- Cambodia
- Date: 15 June 1993
- Meeting no.: 3,237
- Code: S/RES/840 (Document)
- Subject: Cambodia
- Voting summary: 15 voted for; None voted against; None abstained;
- Result: Adopted

Security Council composition
- Permanent members: China; France; Russia; United Kingdom; United States;
- Non-permanent members: Brazil; Cape Verde; Djibouti; Hungary; Japan; Morocco; New Zealand; Pakistan; Spain; Venezuela;

= United Nations Security Council Resolution 840 =

United Nations Security Council resolution 840, adopted unanimously on 15 June 1993, after recalling resolutions 668 (1990), 745 (1992), 810 (1993), 826 (1993), 835 (1993) and other relevant resolutions, the Council endorsed the results of the 1993 general elections in Cambodia.

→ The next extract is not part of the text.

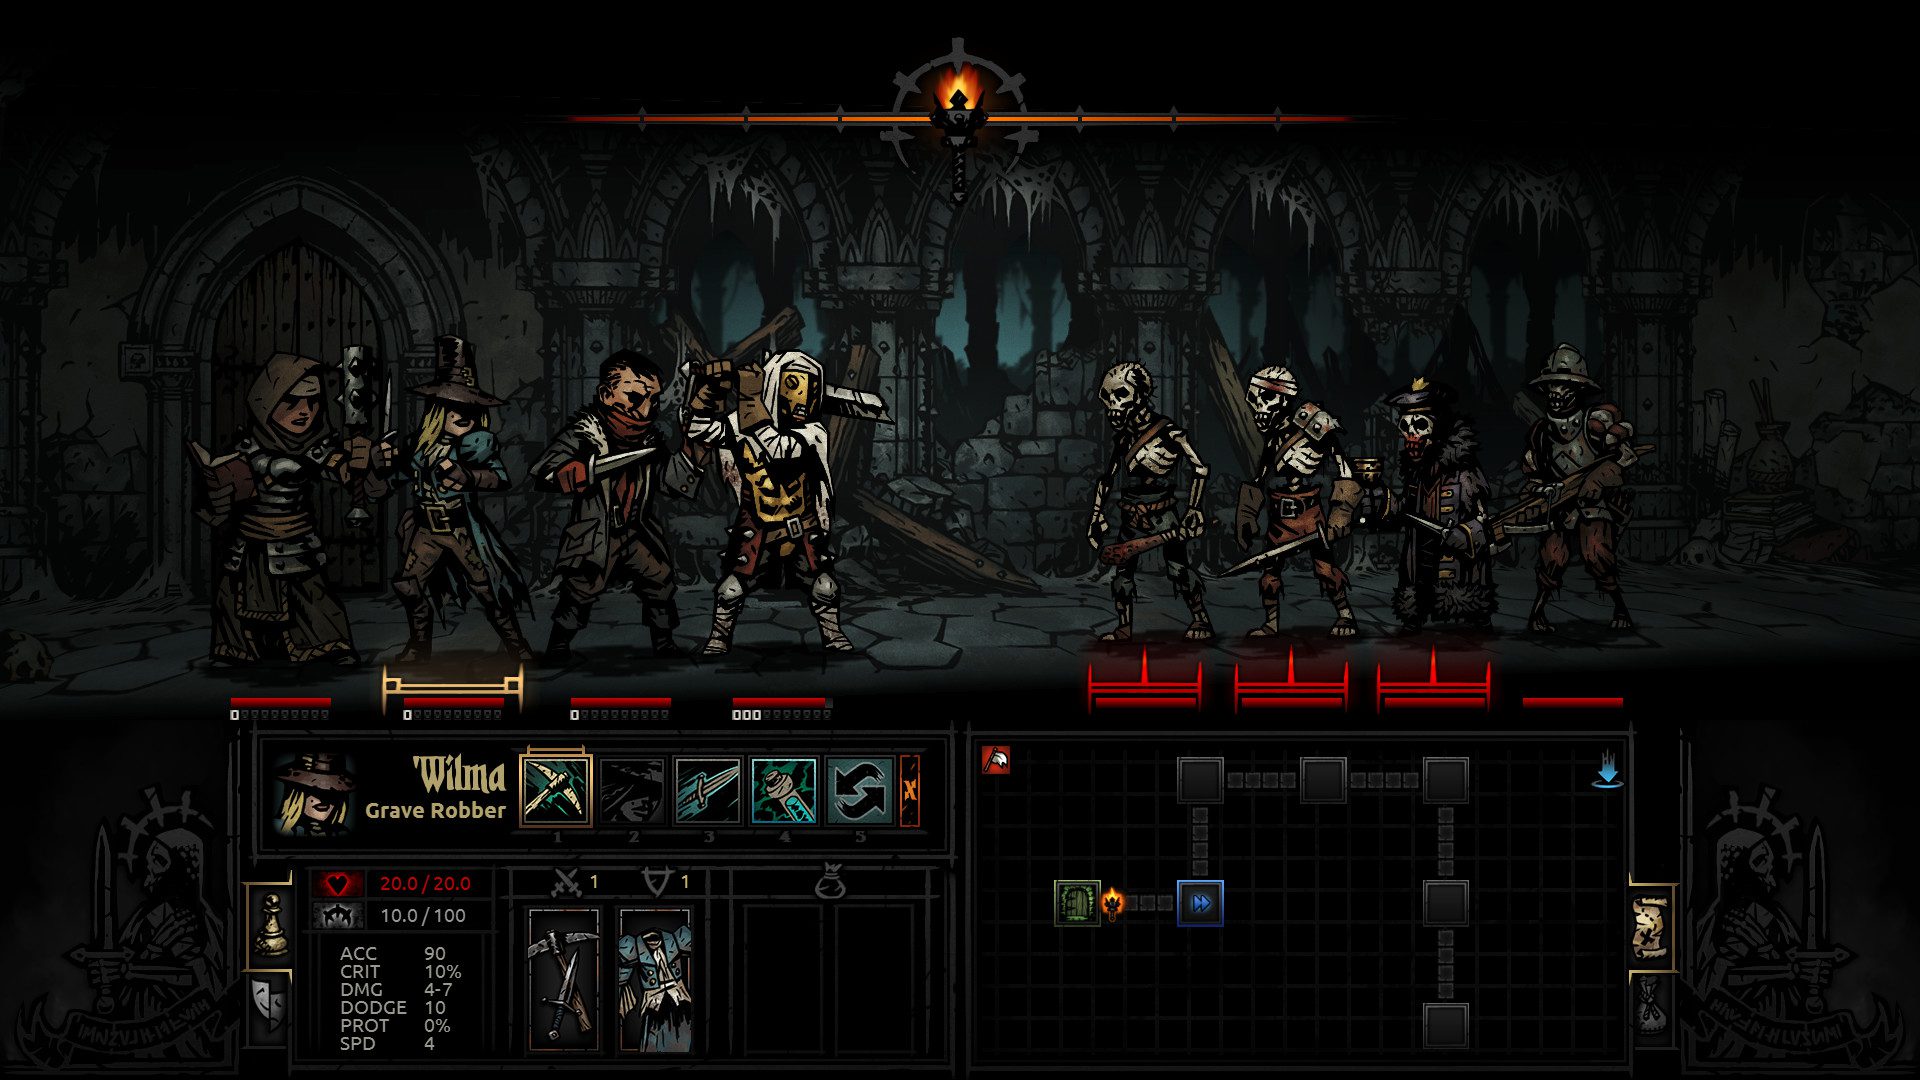 Darkest dungeon battle screenshot

Tributes were paid to the former King Norodom Sihanouk for his leadership of the Supreme National Council and to the United Nations Transitional Authority in Cambodia (UNTAC) and Yasushi Akashi, Special Representative of the Secretary-General, for their efforts during the electoral process, which had been declared free and fair.

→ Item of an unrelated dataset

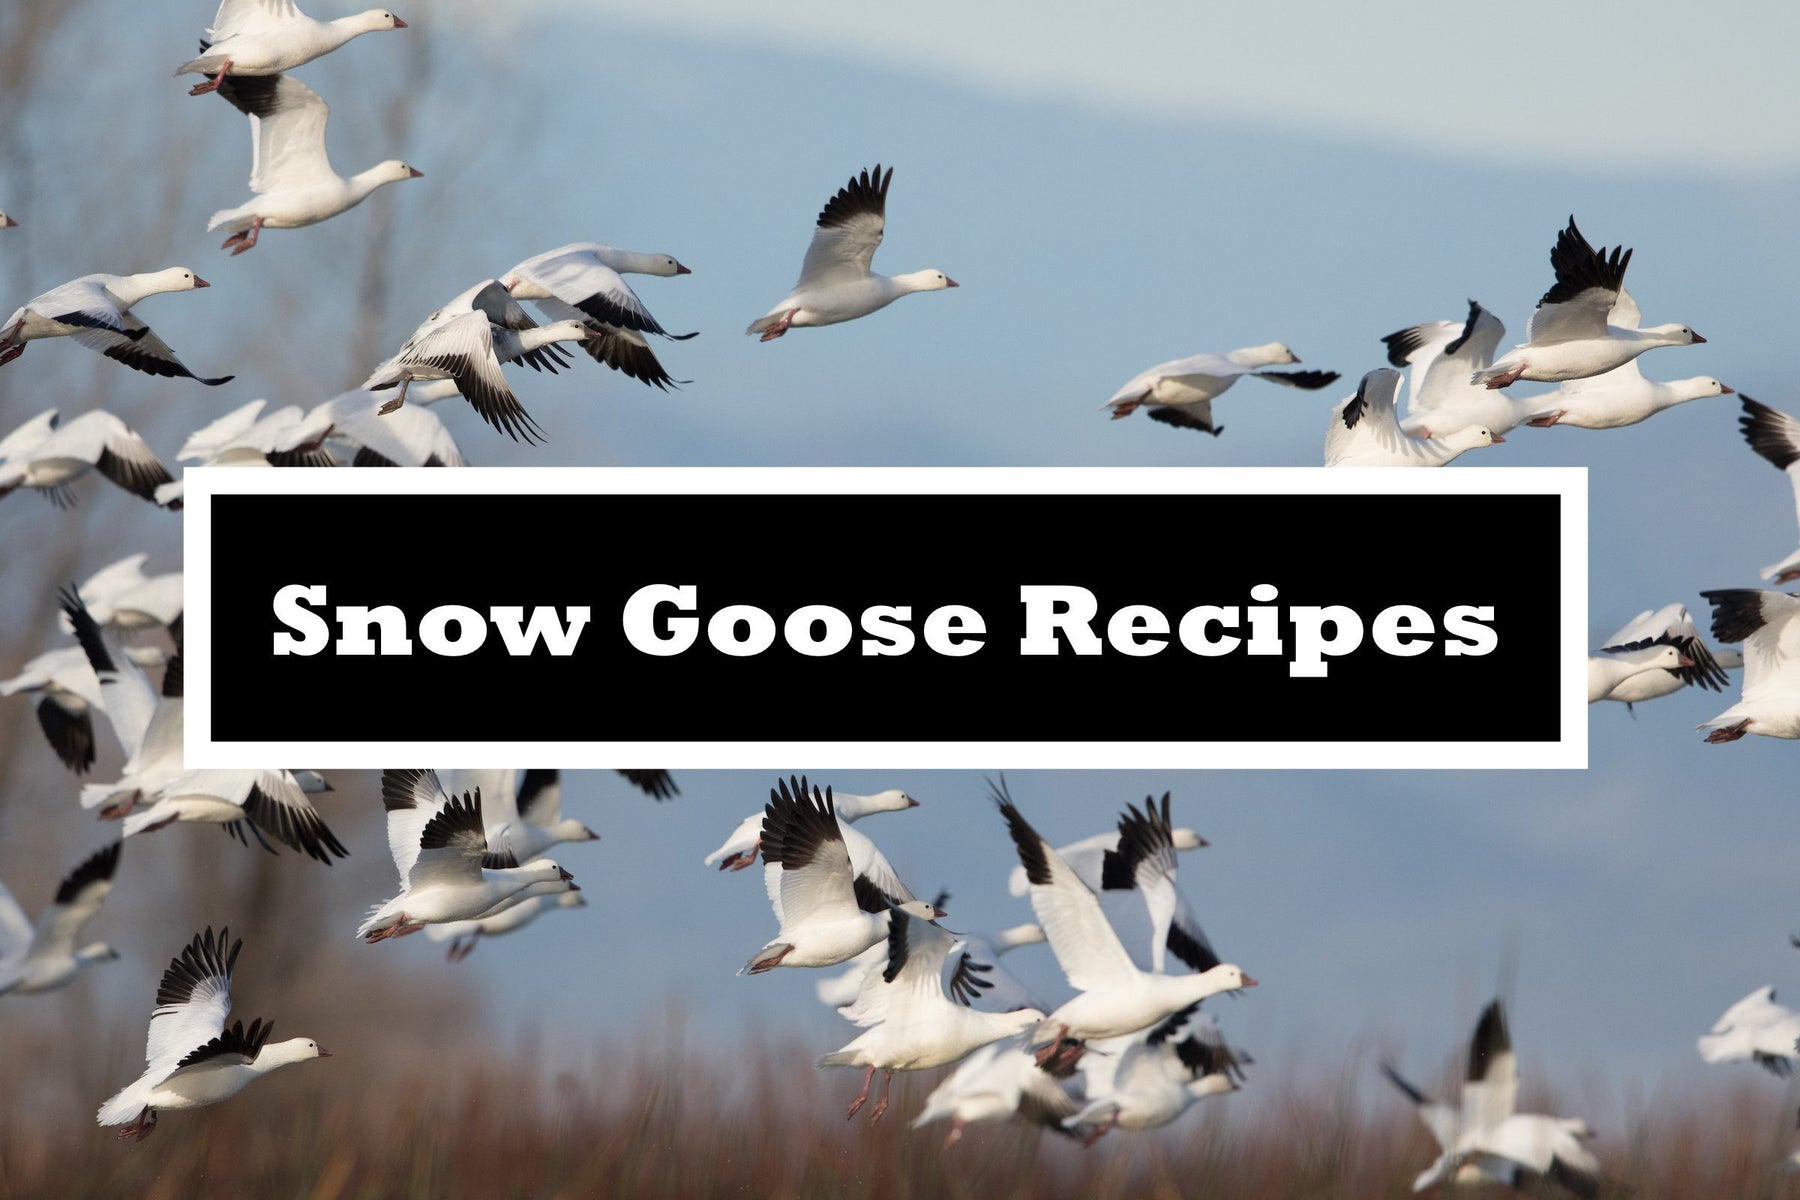 Snow Goose Recipes

The Council called upon all political parties to fully respect the results of the elections and to co-operate during the transition process in order to maintain stability and promote national reconciliation. Support was given to the newly elected constituent assembly which had begun its work of drawing up a constitution, of which the constituent assembly would transform itself into a legislative assembly.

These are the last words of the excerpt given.